Un evento speciale è stato dedicato a Marco Paolini, il cinquantenne artista bellunese divenuto celebre dieci anni fa con la messa in onda del racconto del Vajont. Nella cittadina romagnola egli ha proposto spezzoni inediti di alcuni suoi Album televisivi, gli Appunti foresti e alcuni brani di un’intervista allo scrittore Luigi Meneghello. Da ricordare infine la nuova sezione intitolata “Diaries and family movies” il cui denominatore comune è il racconto in prima persona. Tra le opere proposte spiccano due nomi famosi. Atom Egoyan che in “Citadel” (Canada) ha filmato la sua compagna ed attrice Arsinèe Khanjian che ritorna nel suo paese, il Libano, dopo un’assenza di 28 anni. E Viktor Kossakovskij, che ha diretto “Svyato” (Russia), titolo che è l’abbreviativo di un nome Svyatoslav che significa felice, chiaro, gioioso e luminoso. Lui è un bambino di 2 anni che si guarda per la prima volta allo specchio mentre tre cineprese HD lo riprendono. Nella sua linearità la documentazione di un frammento di vita che provoca emozioni.

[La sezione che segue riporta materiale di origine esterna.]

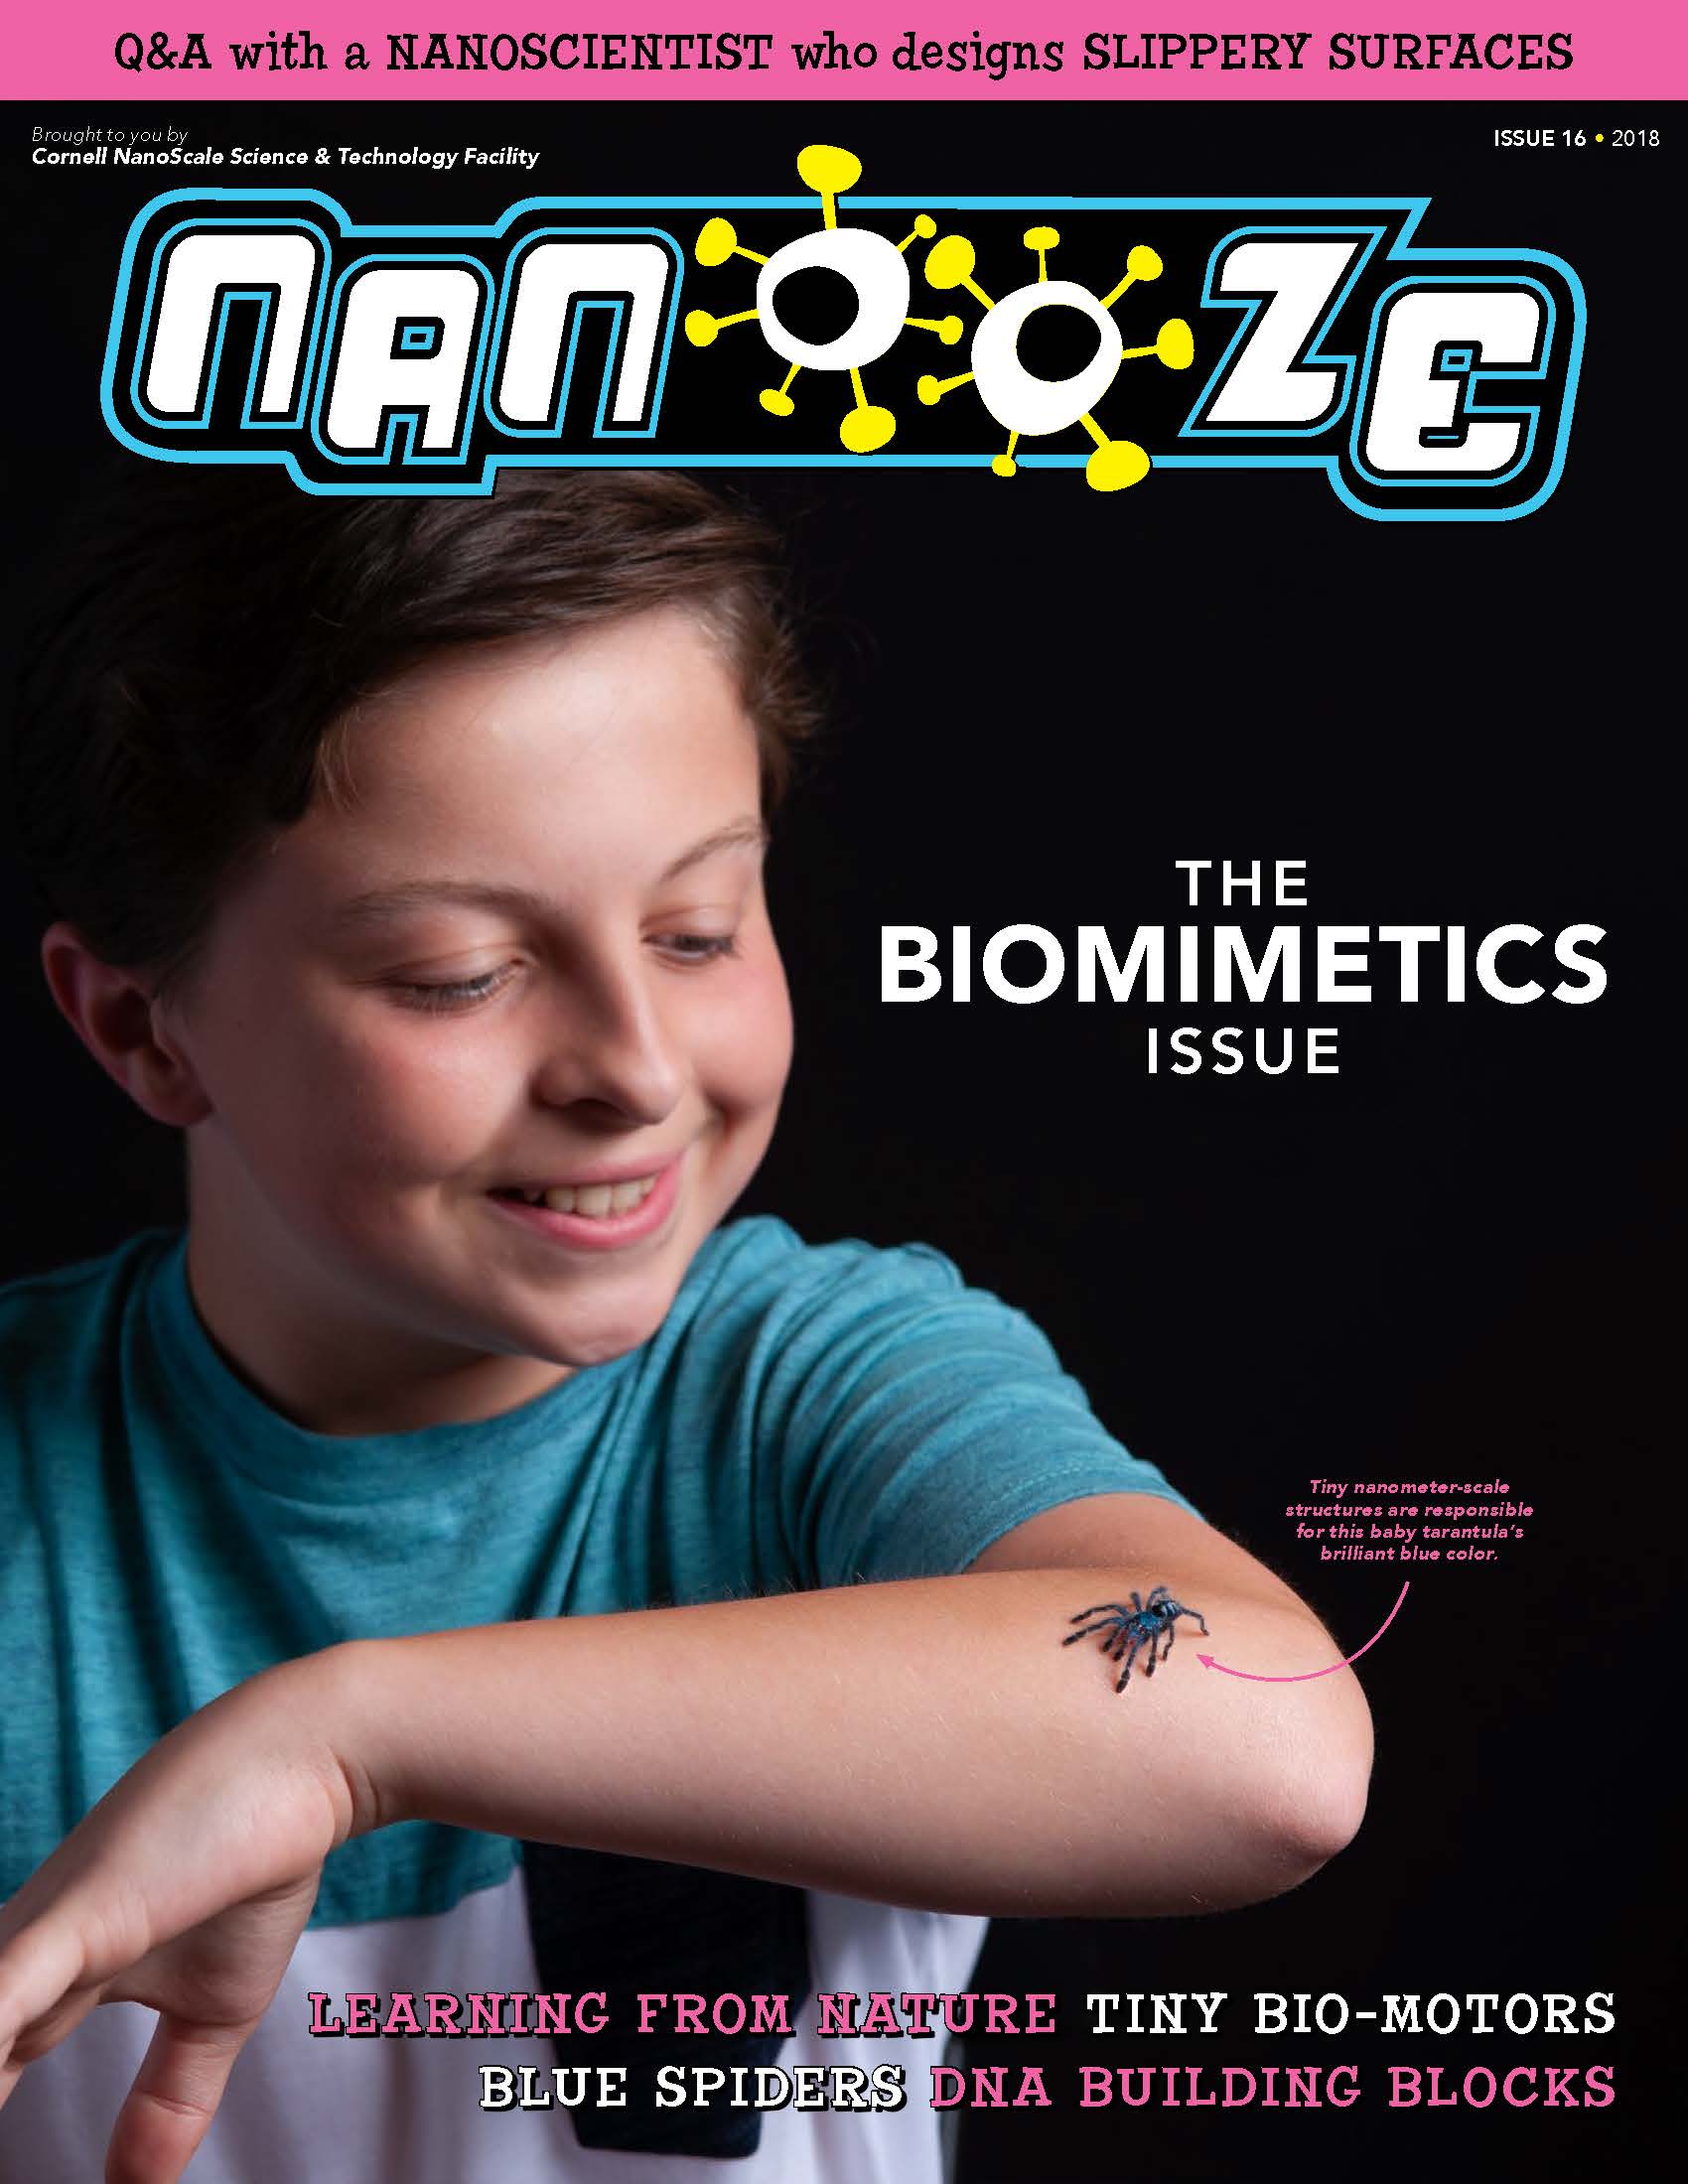 Issue 16: Biomimetics

Immagine articolo Fucine Mute

Fuori concorso è doveroso ricordare un autore importante come Corso Salani che ha alquanto stupito con il sofferto e doloroso “Il peggio di noi”. E Leonardo Celi che ha disegnato con grande sensibilità il ritratto del padre in “Adolfo Celi, un uomo per due culture”.
Come consuntivo non si può che complimentarsi con Grosoli per questa sontuosa edizione facendogli gli auguri per il venticinquennale del 2007 che potrebbe celebrare degnamente il tanto cinema indipendente italico che ha transitato per Bellaria per poi diffondersi lungo il nostro stivale.